Opdrachten hoofdstuk 2

advertisement
Opdrachten “Het bloed stroomt” hoofdstuk 2
Opdracht 1
a. Welke symptomen kun je waarnemen bij een dier met een hartaandoening?
b. Symptomen van hartaandoeningen worden in vier klassen ingedeeld. Deze indeling gebruik je om
de ernst van de symptomen van een hartaandoening te kunnen beoordelen. Welke vier klassen zijn
dit en welke symptomen behoren bij elke klasse?

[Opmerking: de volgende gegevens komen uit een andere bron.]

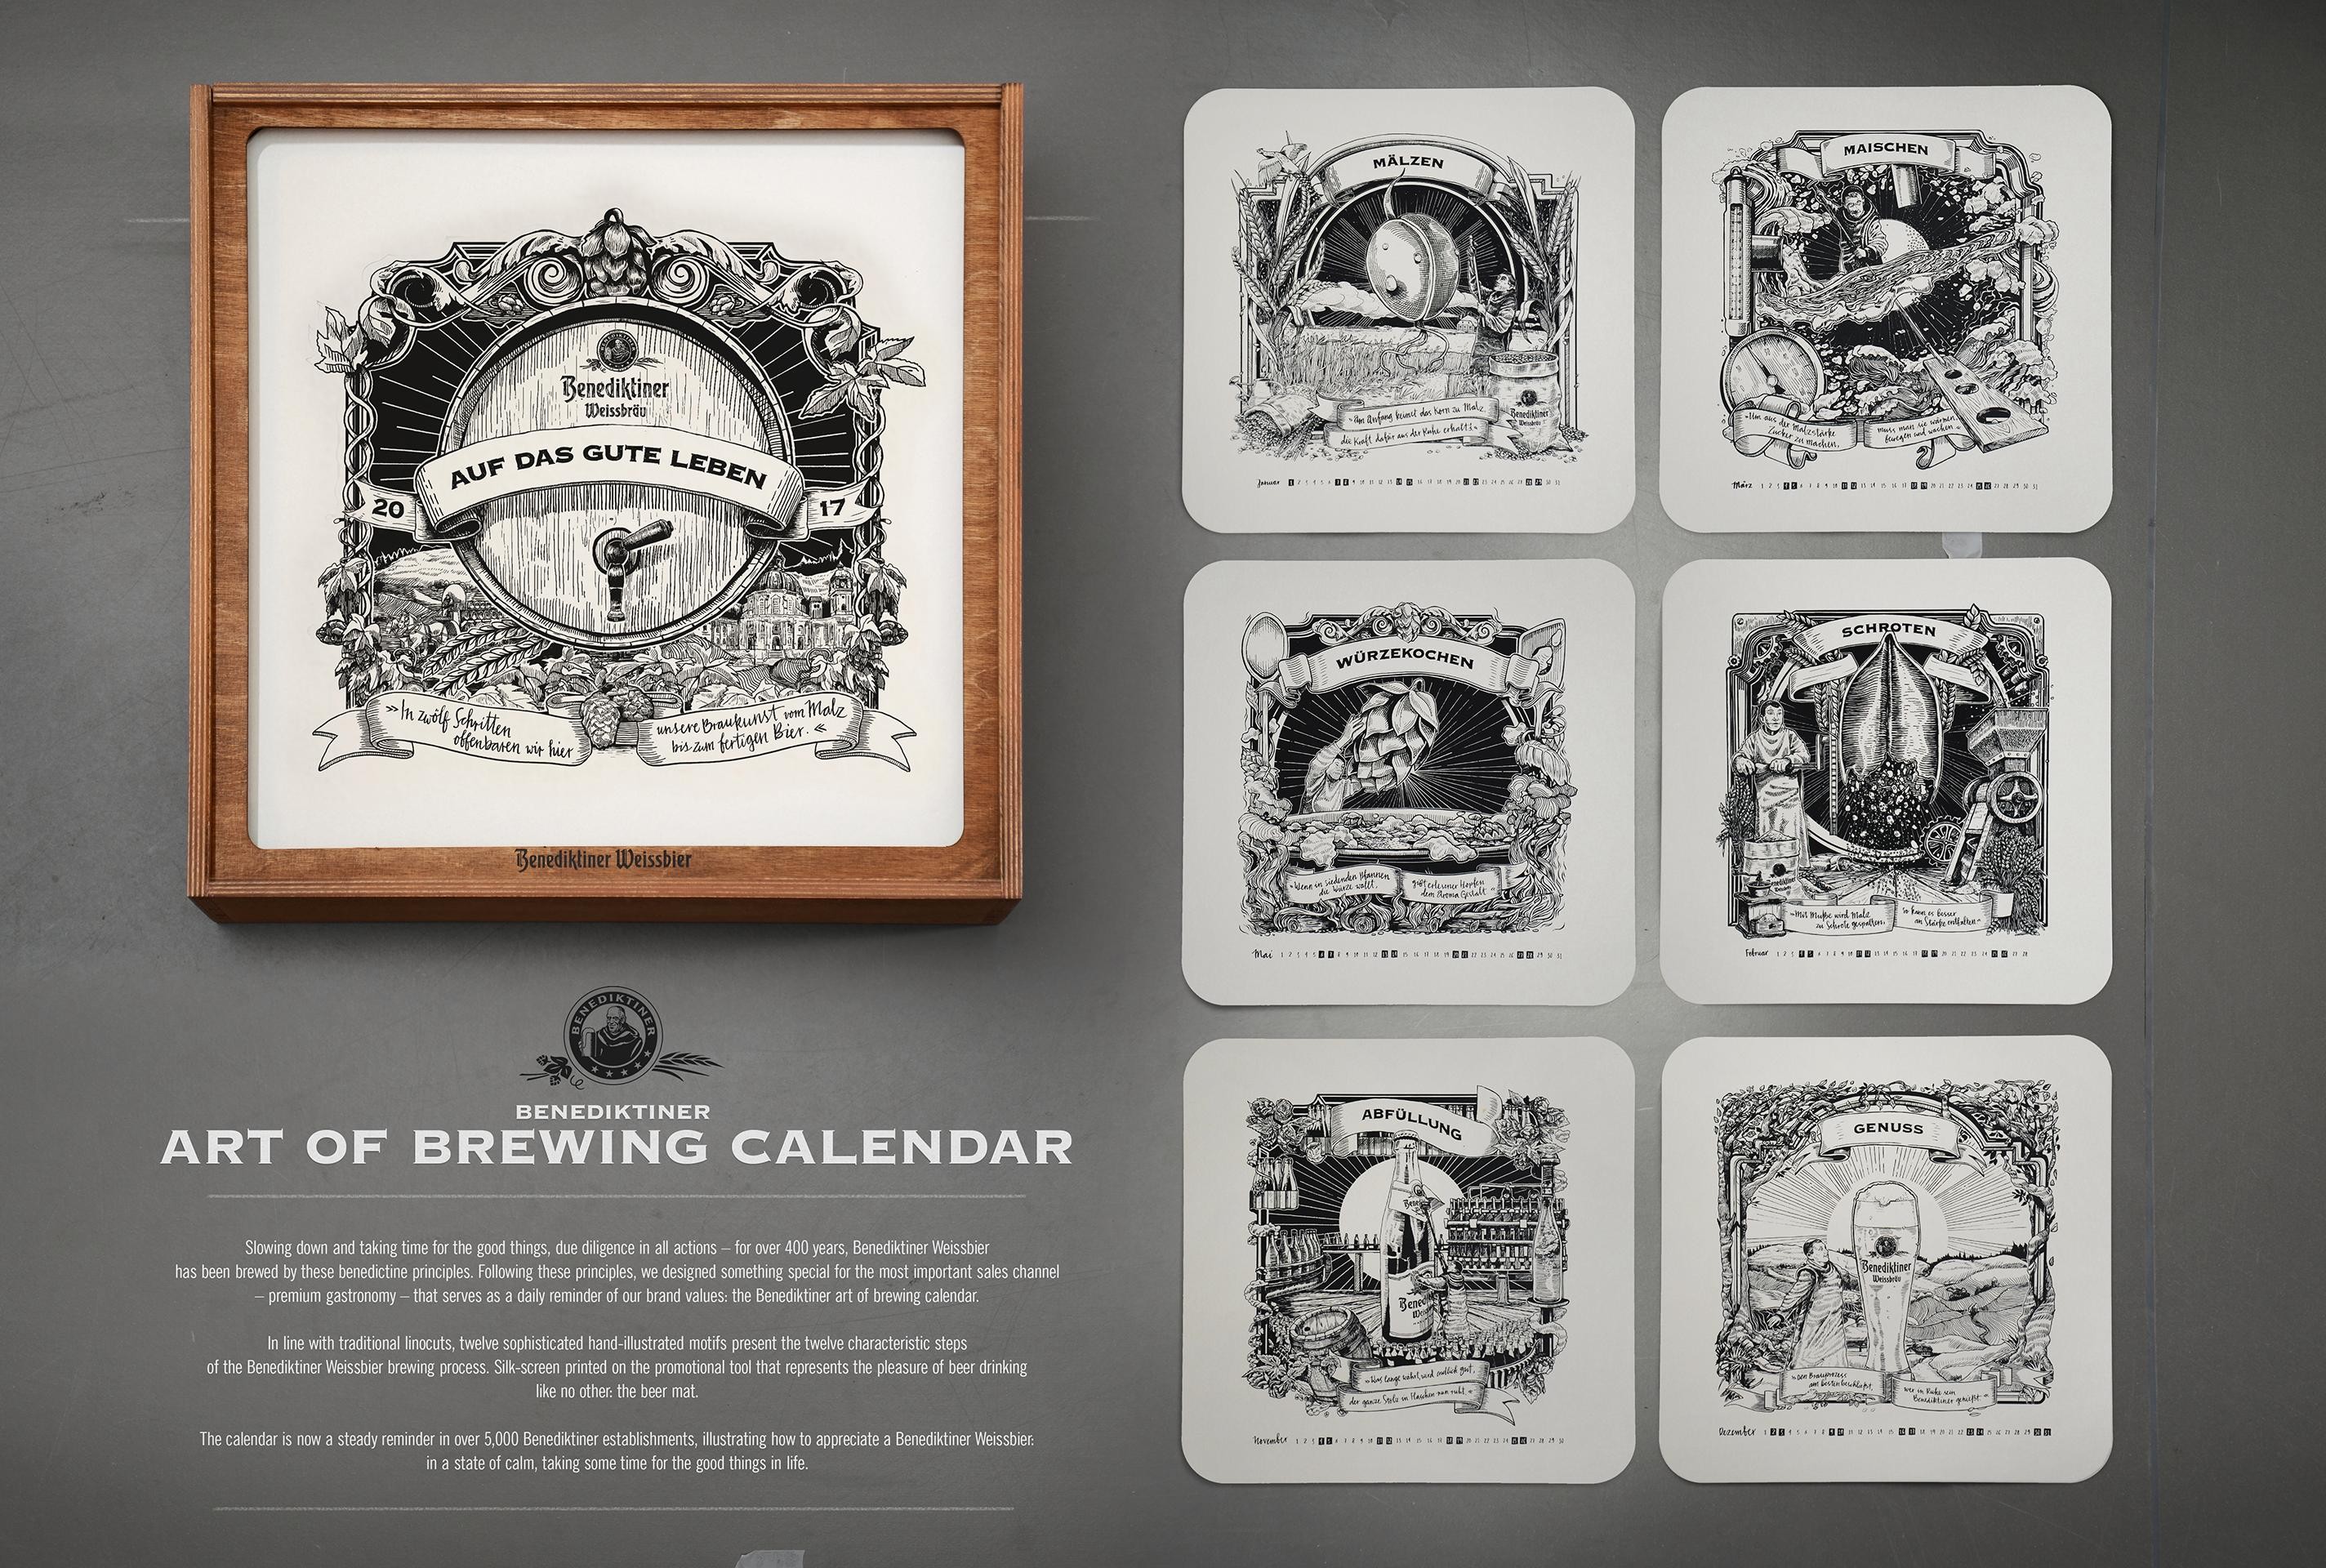 The Benediktiner art of brewing calendar.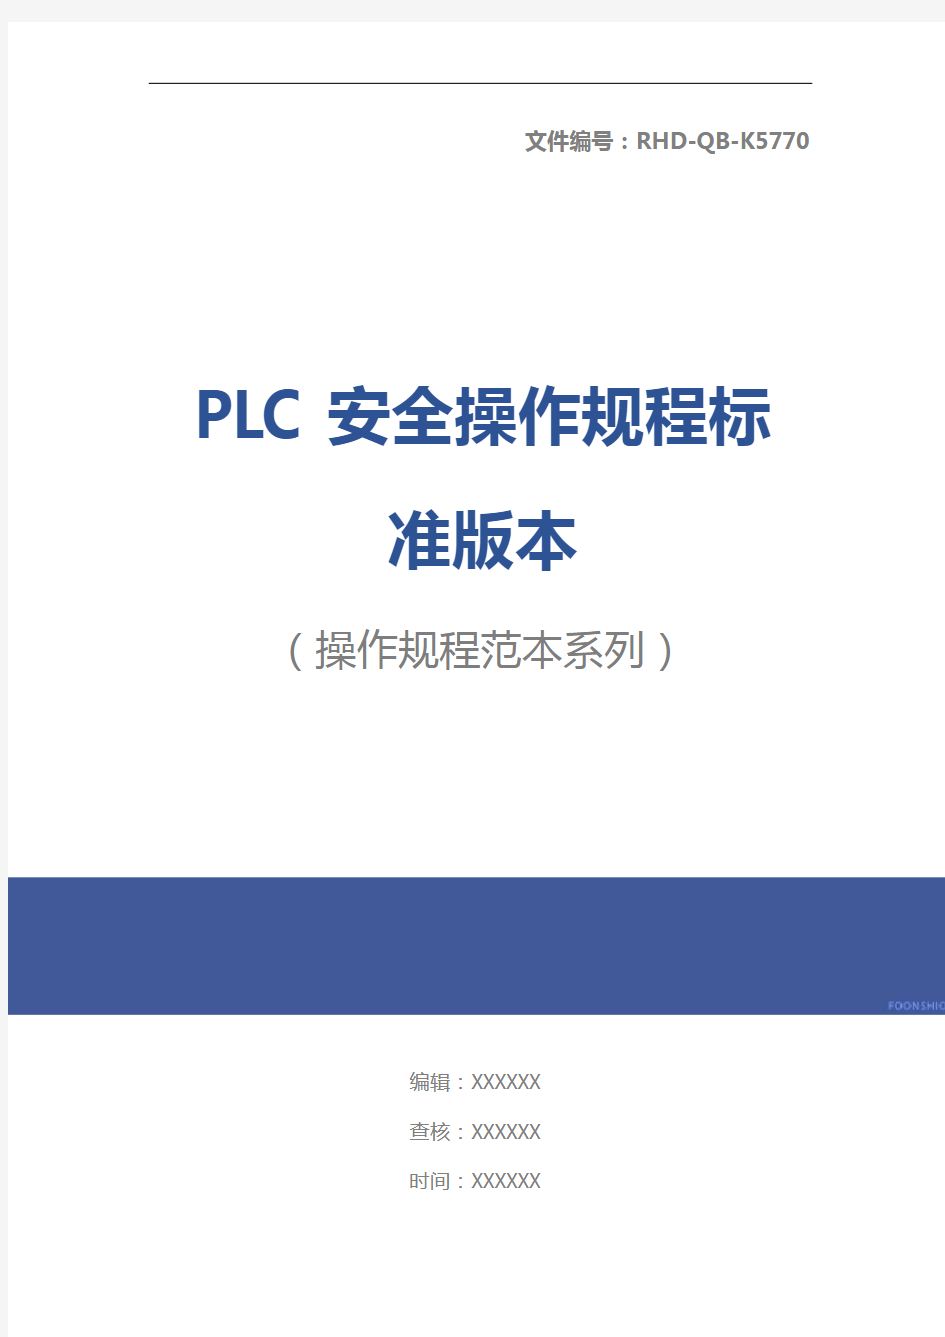 PLC安全操作规程标准版本

c. Wanneer ga je een dier met een hartaandoening behandelen?
Opdracht 2
a. Wat wordt verstaan onder een gecompenseerde hartaandoening?
b. Noem een aantal compensatiemechanismen van het hart.
c. Wat wordt verstaan onder een gedecompenseerde hartaandoening?
d. Waarom kan een hond met een rechtsdecompensatie hepatomegalie en diarree krijgen?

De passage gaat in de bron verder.